Если углубиться еще дальше в историю языка, то мы обнаруживаем, что такие различные предметы, как небо и земля, первобытный человек называл одним звуковым словом. Мы говорим: «сие лев, а не собака», а первобытное мышление льва как и волка называло собакой. Мы лишь в метафорических выражениях читаем «Солнце правды», например, в христианской литературе применительно к Христу, а первобытный человек не имел другого слова для выражения истины, правды, как «солнце». Солнце же было божеством, как и небо, по названию которого называют солнце, как его часть. Исследование истории языка убедительно показывает, что мышление доисторического человека было конкретным образным, посредством слов-символов, как выразителей символов. Когда древние хотели сказать круг, свод, арка, шар, они говорили «небо» (Марр). Аналогично, птица носила название неба (с уменьшительным суффиксом), а рыба имела тот же корень, что море и т.д. О том же свидетельствуют древнейшие пиктографические письменности. Например, у северо-амери-канских индейцев змея обозначала жизнь, черепаха — успех, стрела — войну, локоть — справедливость и т.д.

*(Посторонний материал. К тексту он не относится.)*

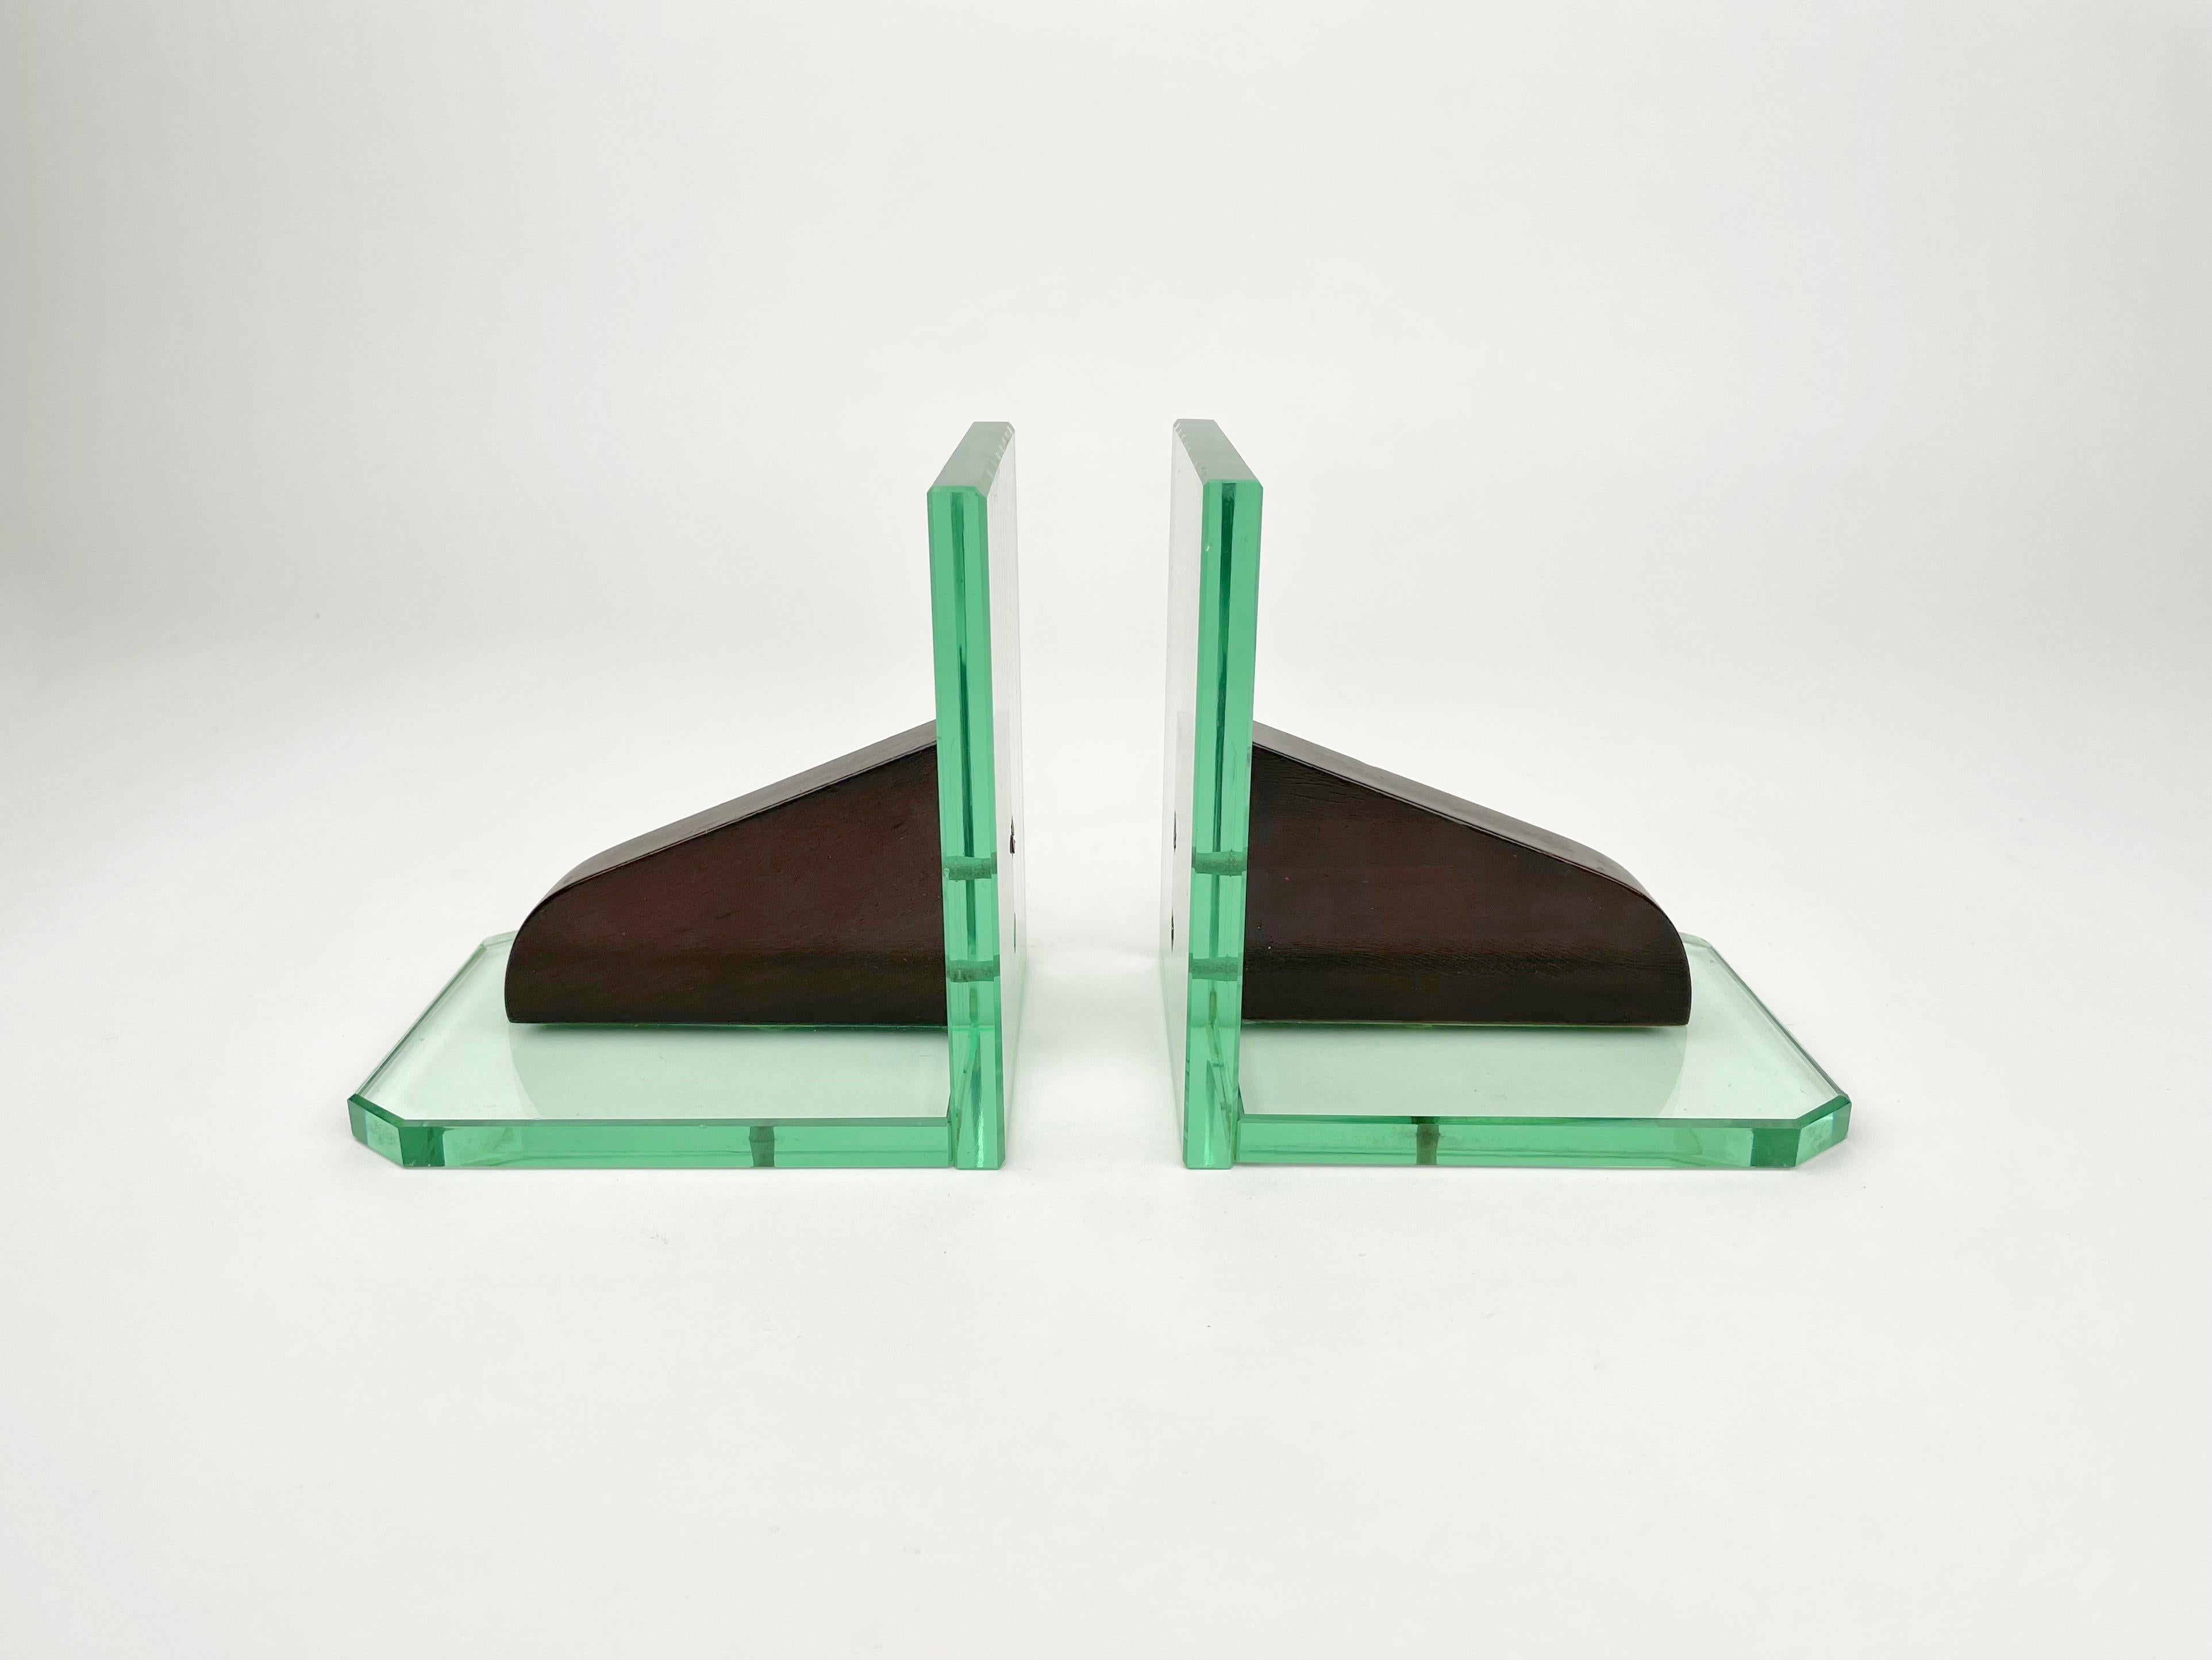 Pair of bookends in acquamarine glass structure and wood in the style of Fontana Arte. Made in Italy in the 1950s.

Убедительное доказательство различия указанных двух слоев образов — образов-изображений и образов-обозначений — дают наблюдения над детьми. Очень многие забавные нелепицы в высказываниях и мышлении детей объясняются как раз их непосредственным подходом к слову-образу как изображению, а не как к обозначению. Так, Чуковский рассказывает, что приезжая по степи, он назвал эту степь пустыней. Но его 4-летняя спутница указала на убогие кустики и возразила: «Это не пустыня, а кустыня». Тот же конкретно-образный подход лежит в основе детских возражений: «это не синяк, а красняк», «корова не бодает, а рогает», «неверно перчатки — надо пальчатой», «при чем тут руки, надо говорить не близорукий, а близоглазый» и т.д.
Тот же Чуковский вспоминает, что когда бабушка сказала однажды, мол, «вот скоро и праздник придет», внучка возразила, смеясь: «Разве у праздника — ножки?». Чуковский отмечает, что этот вопрос о ножках задают очень многие дети, полемизируя таким образом с нашим метафорическим толкованием слов «идти» и «ходить».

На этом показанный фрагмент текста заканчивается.